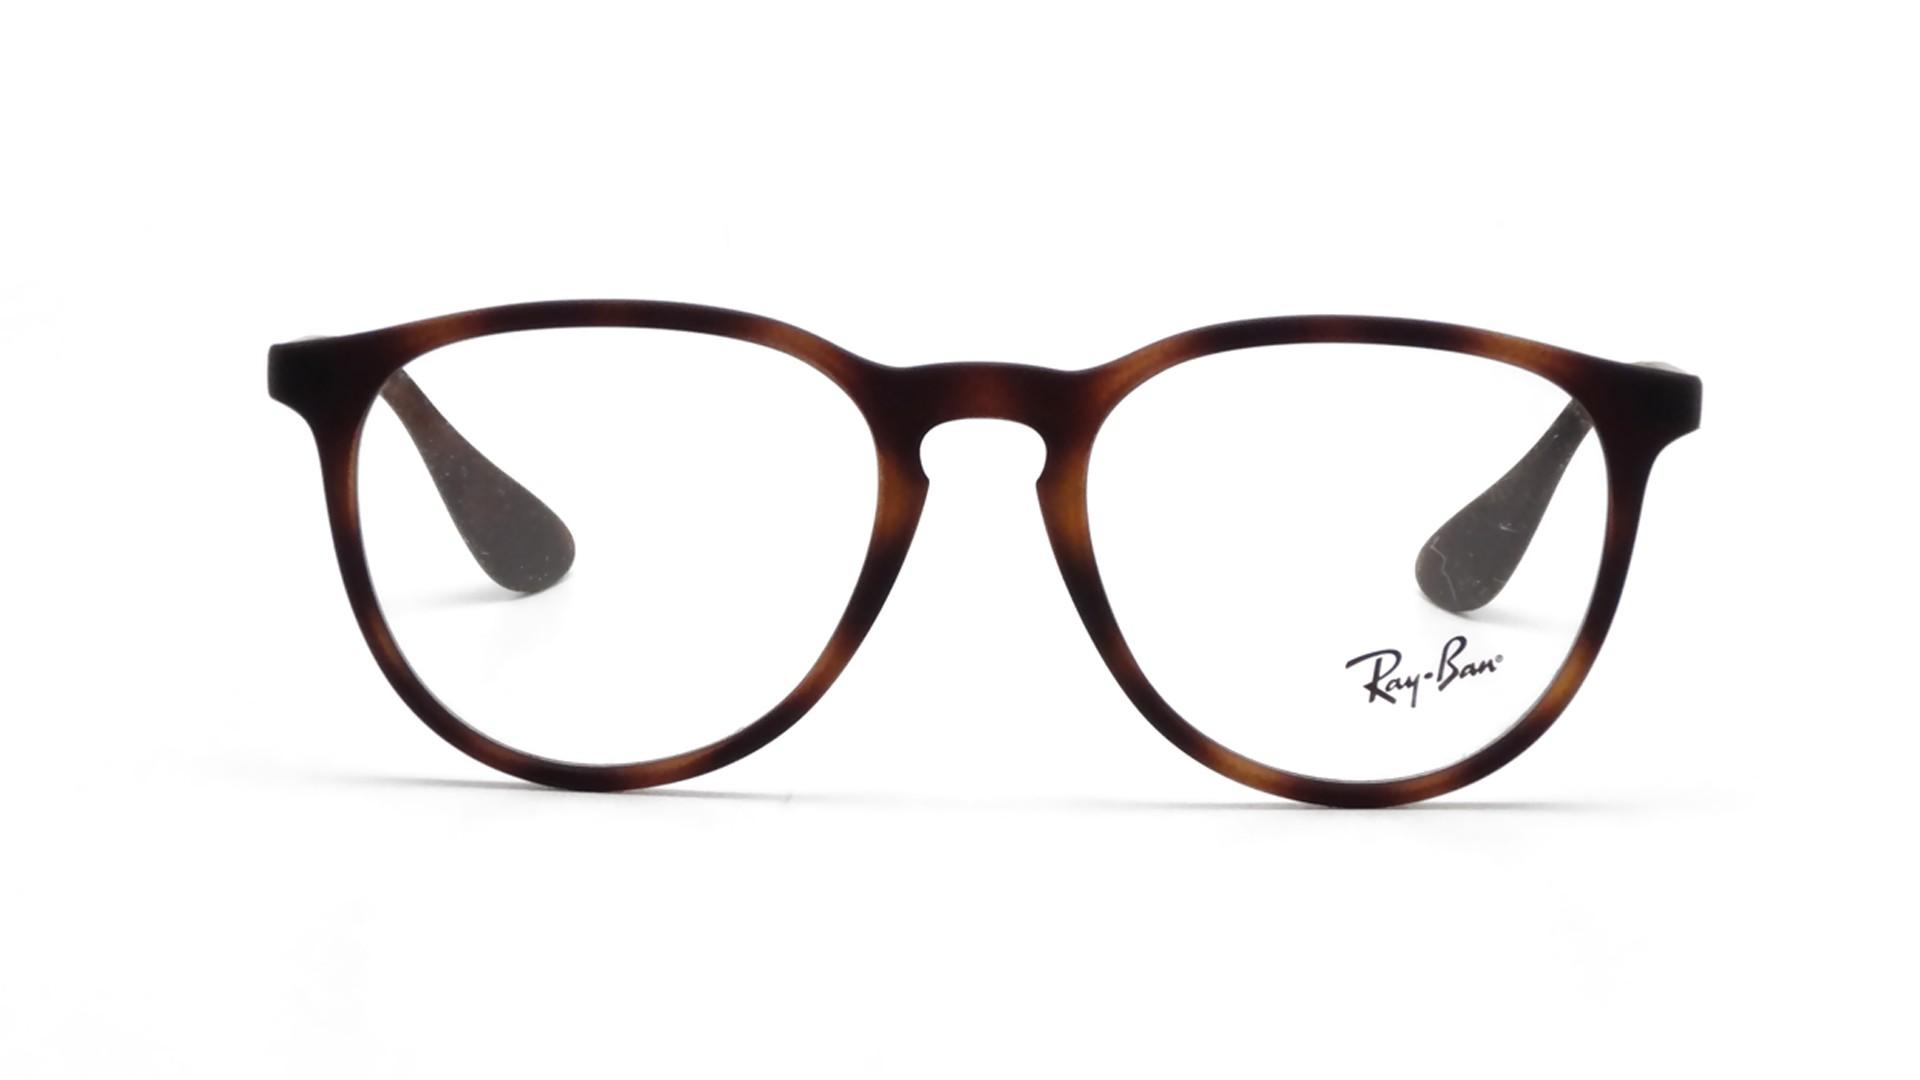 Eyeglass Frame Rep Jobs : should i get a pair of ray ban prescription eyeglasses ...
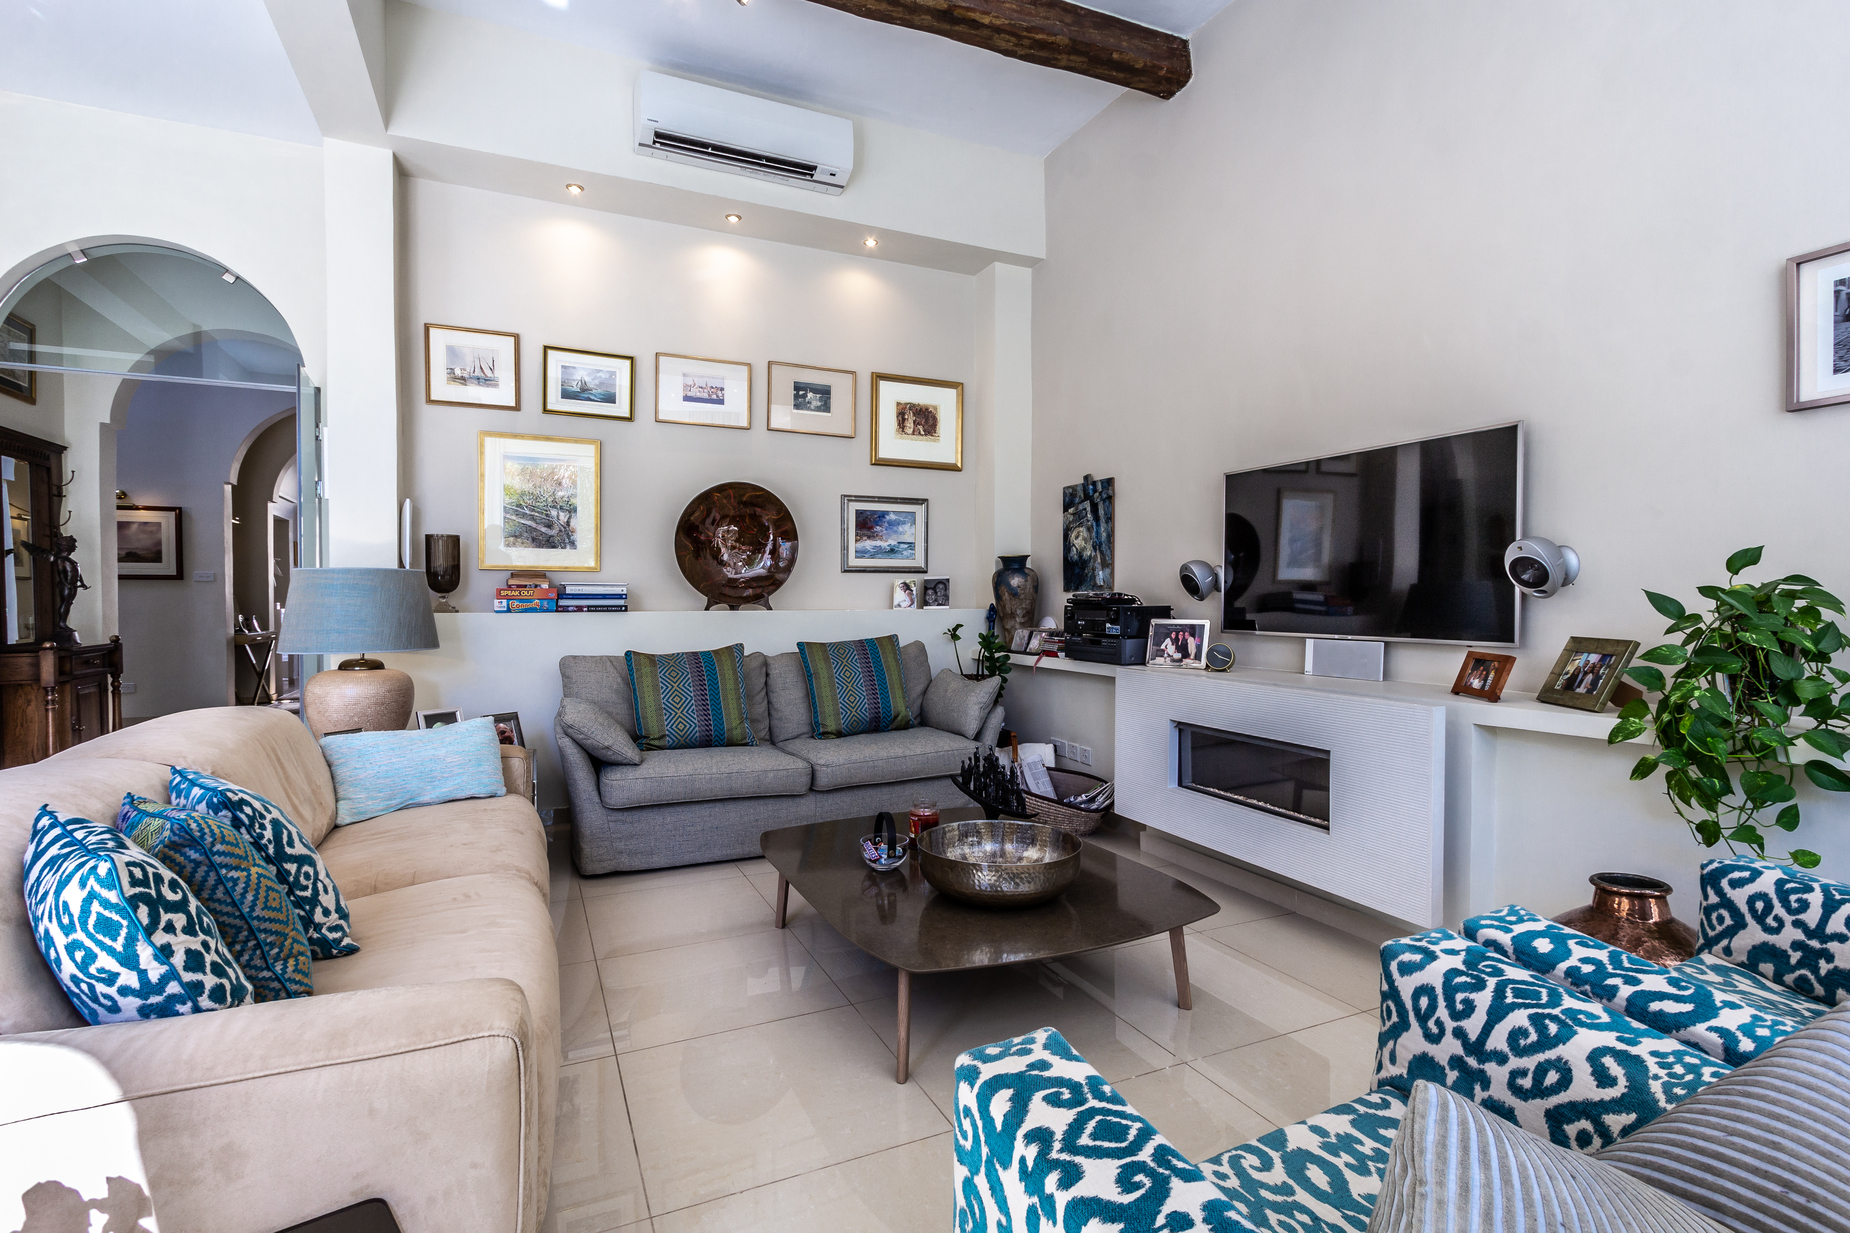 3 bed Town House For Sale in Balzan, Balzan - thumb 12
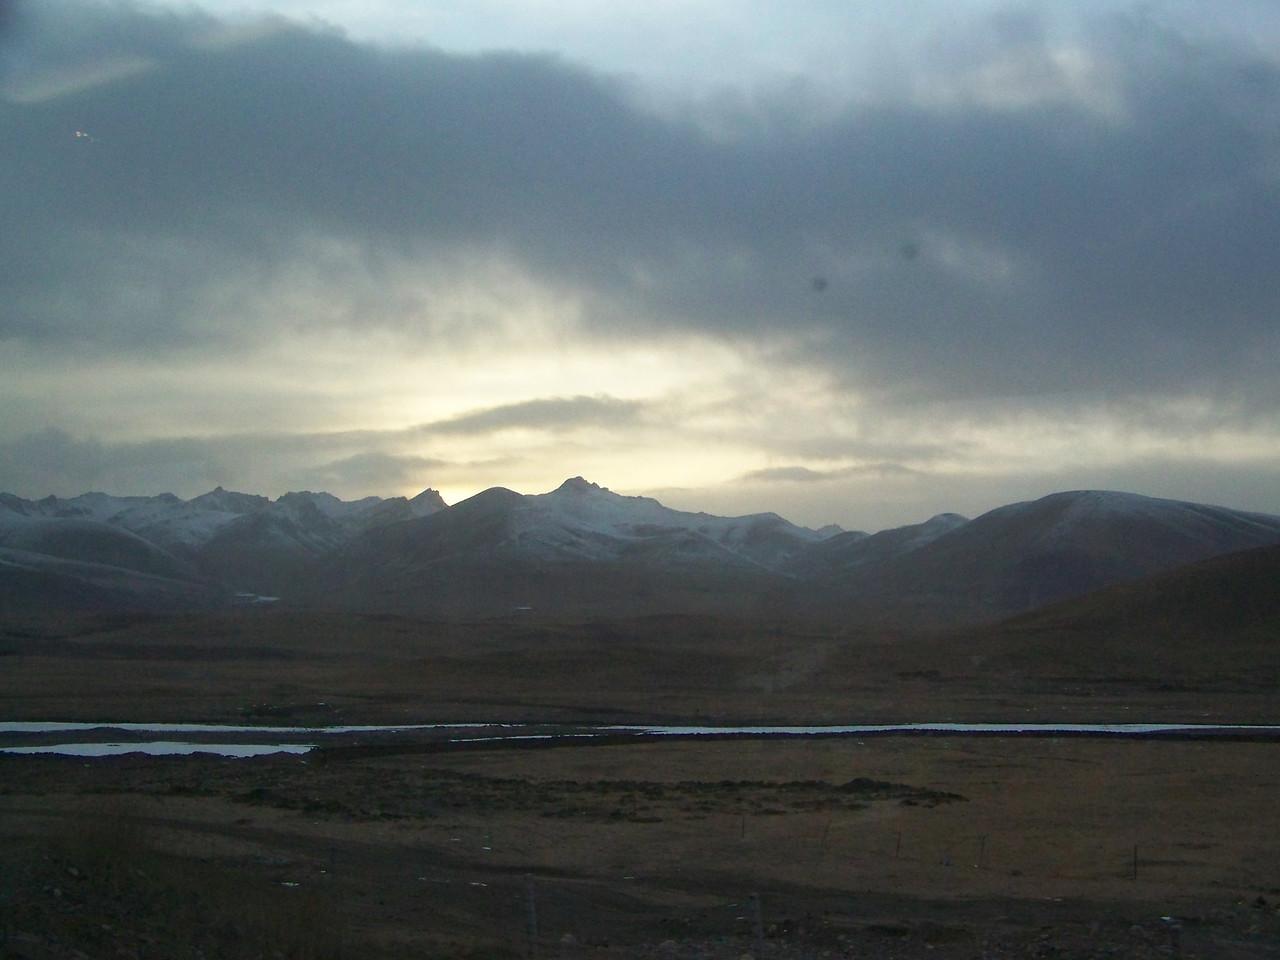 0096 - Scenery on Train Trip Between Beijing and Lhasa.JPG
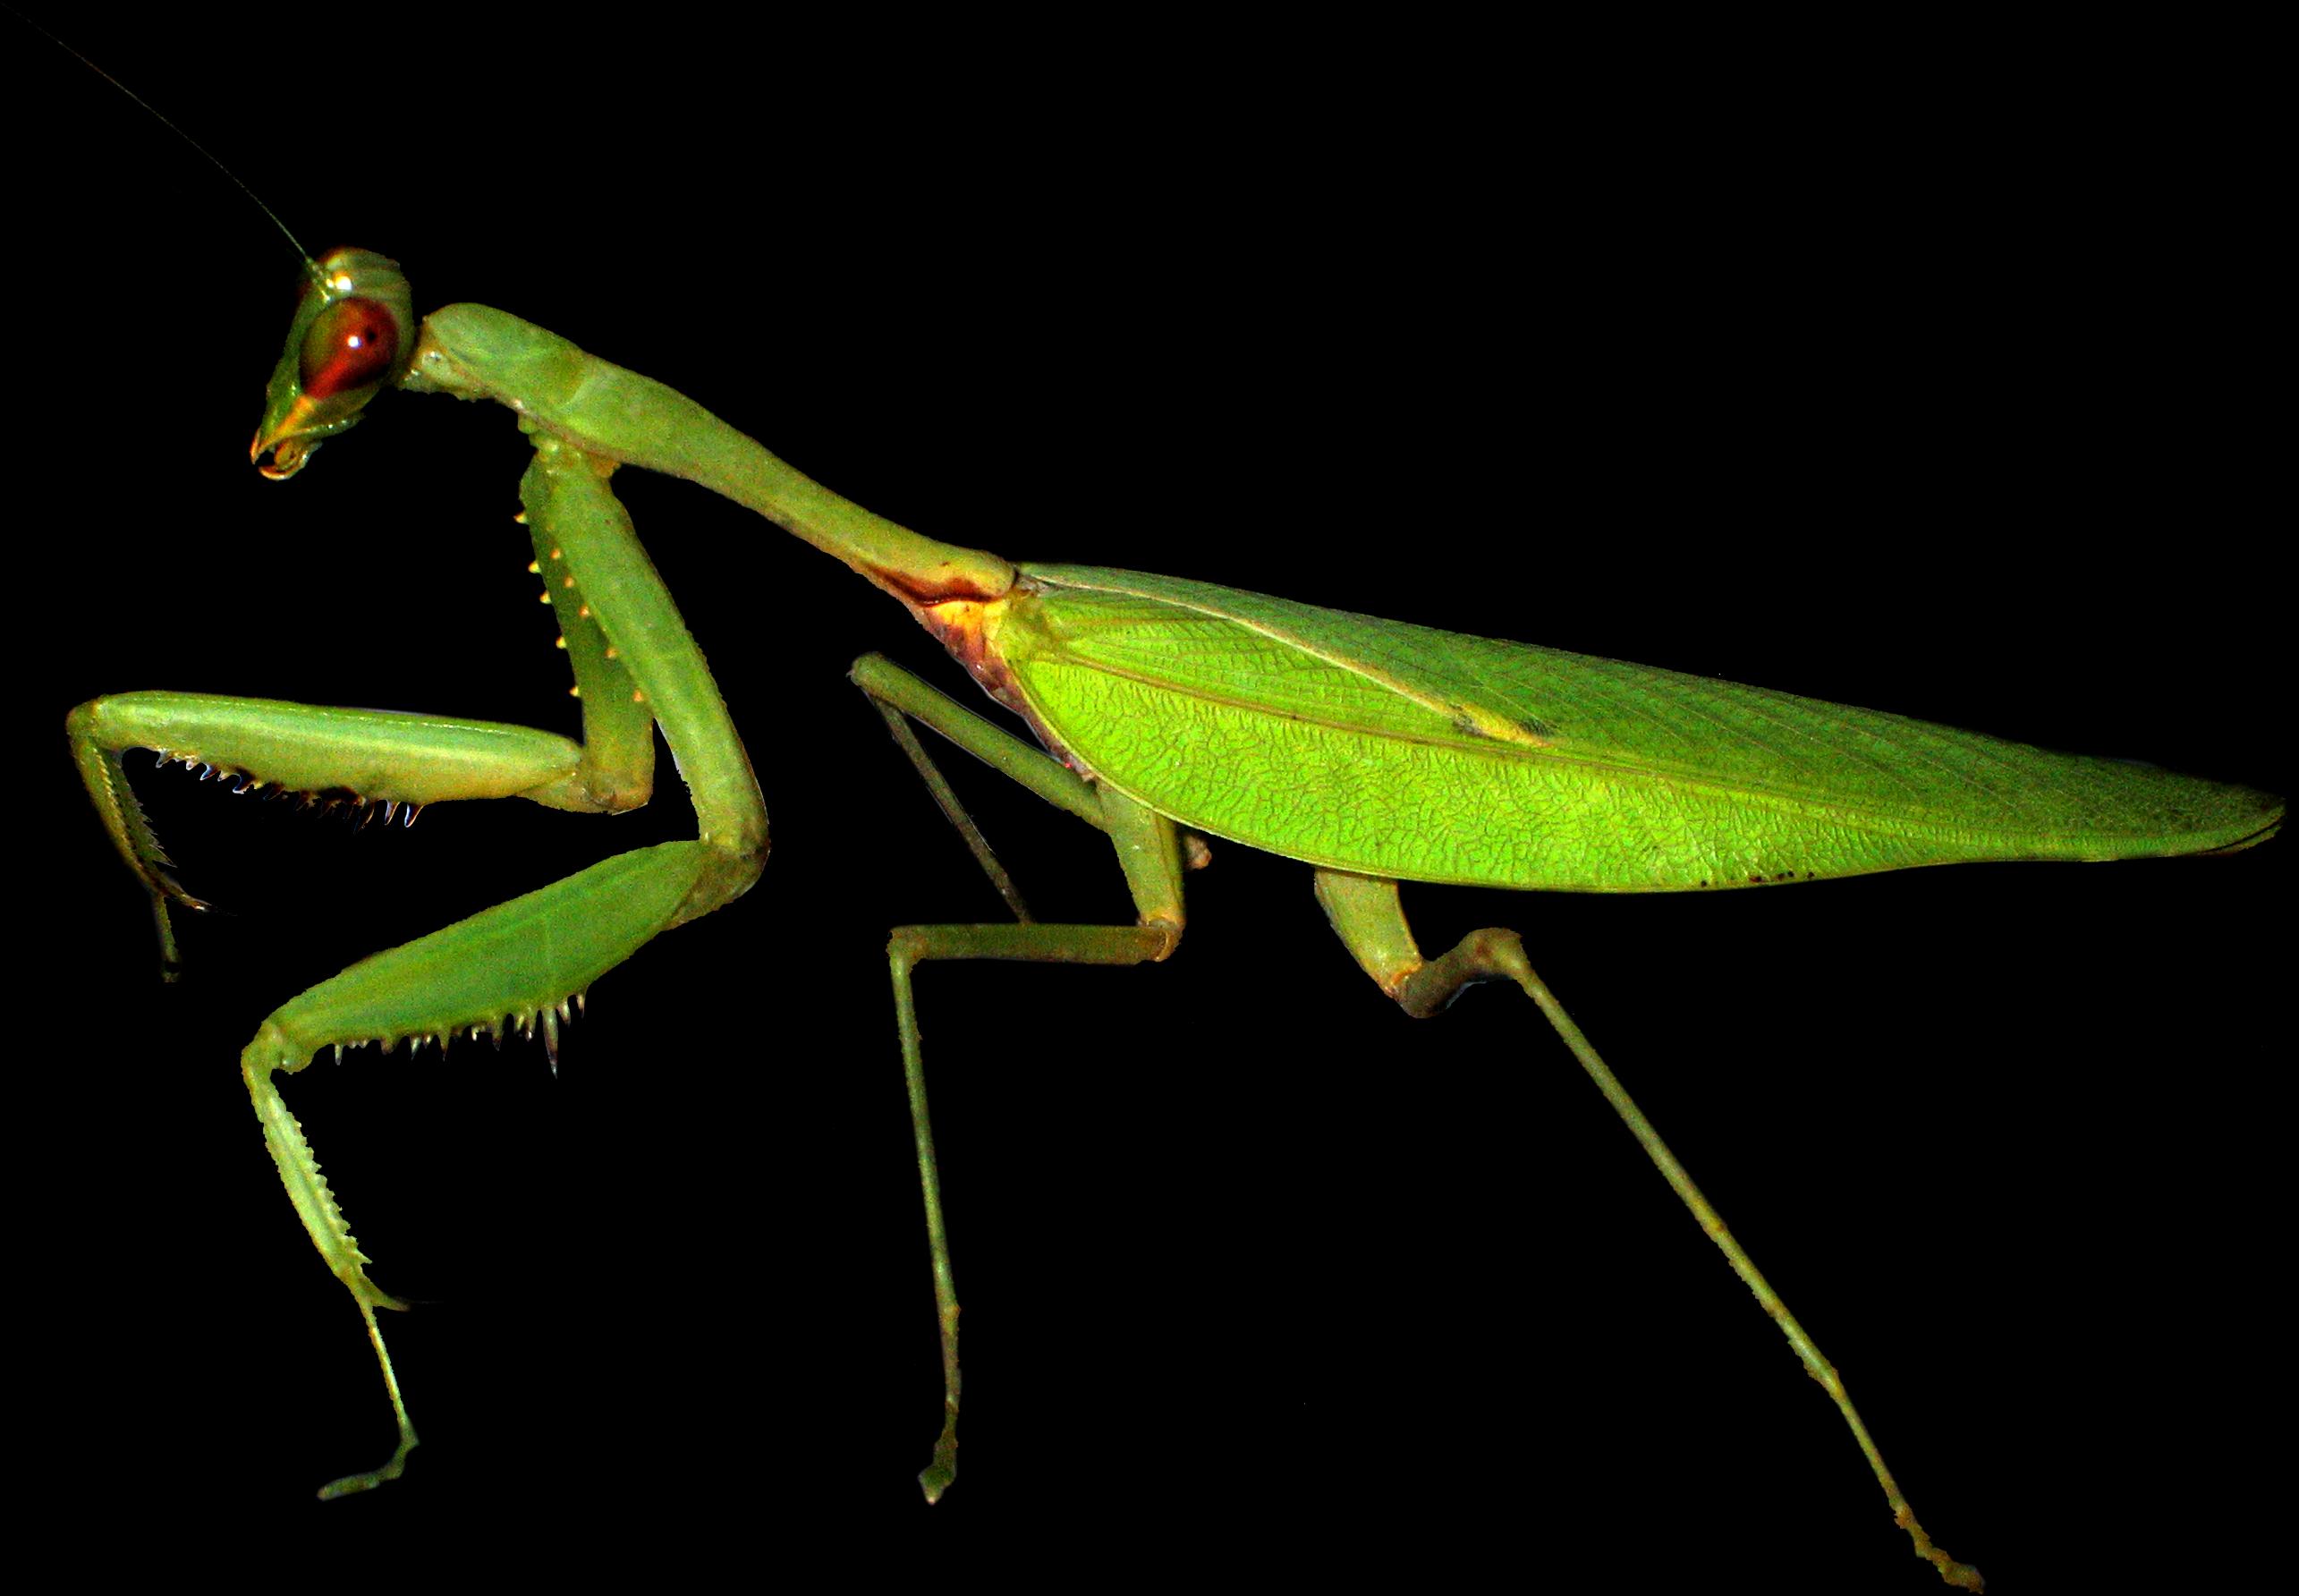 fichier european mantis mante religieuse png wikip u00e9dia Dragonfly Clip Art Dragonfly Clip Art

——————

▸ TASK TO COMPLETE:
A verbatim transcription of the listing is expected, with no pictures included.

▸ ANSWER BOX:
 Eyeglass Frame Rep Jobs : should i get a pair of ray ban prescription eyeglasses ...
 3 bed Town House For Sale in Balzan, Balzan - thumb 12
 0096 - Scenery on Train Trip Between Beijing and Lhasa.JPG
 fichier european mantis mante religieuse png wikip u00e9dia Dragonfly Clip Art Dragonfly Clip Art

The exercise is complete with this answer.